Steven Savile - Black Library


Angron: So, let me start off by first welcoming you to Warvault, Steve.

Steven Savile: Pleasure to be here.

Angron: Good good. Hopefully the interview will be nice and pleasant, and we'll try and keep it short to night, with your revelation before of your monstrous 4am flight...

Steven Savile: Monstrous is the right word. I am terrible when it comes to booking trips. I always end up with ridiculous start times like this.

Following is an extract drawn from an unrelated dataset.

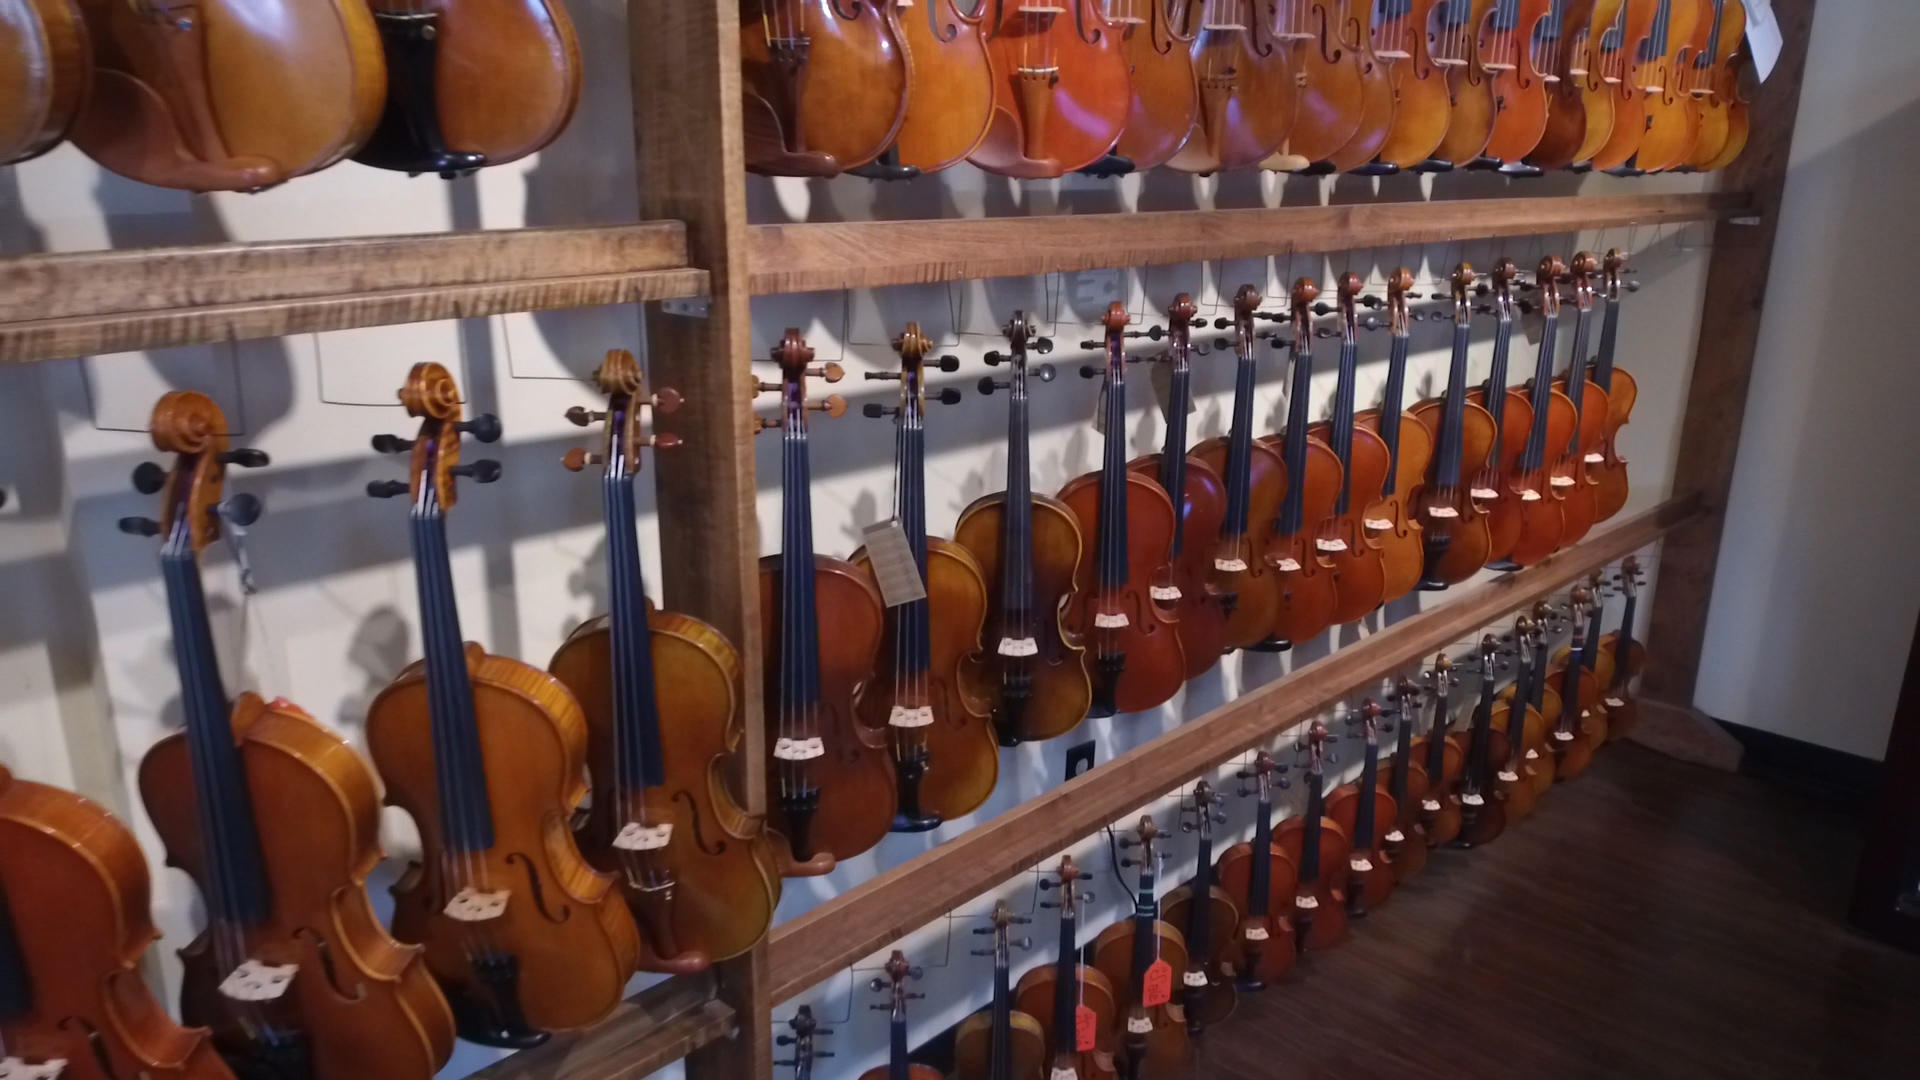 Violins at The Violin Shop in Tampa

Angron: Haha, well brief it shall be. Wouldn't want to kill you now. I think our readers would like some more books!

Steven Savile: We can but hope. One or two at least. Readers that is, not books.

Angron: I think it's time for our first question...

Steven Savile: Fire away. I'll fire up the bulls**t deflectors.

Angron: Major Rawne - Steve, who do you consider to be your inspirations for your writing?

Steven Savile: Nice and easy one to start with then.

Steven Savile: Right, when I was eighteen or nineteen I was reading pretty rabidly, especially Michael Moorcock, Stephen Donaldson and David Gemmell.

Steven Savile: I've always thought that between these three you were given a very solid grounding in all that was possible with the fantastic.

Steven Savile: I'd say each of these three were positive inspirations that made me want to tell my own stories.

Steven Savile: But of course there was that one book...

Steven Savile: you know the one...

Steven Savile: where you get half way through and throw it across the room...

Steven Savile: because you know you can do better...

Steven Savile: That'd be David Eddings' second Mallorean book.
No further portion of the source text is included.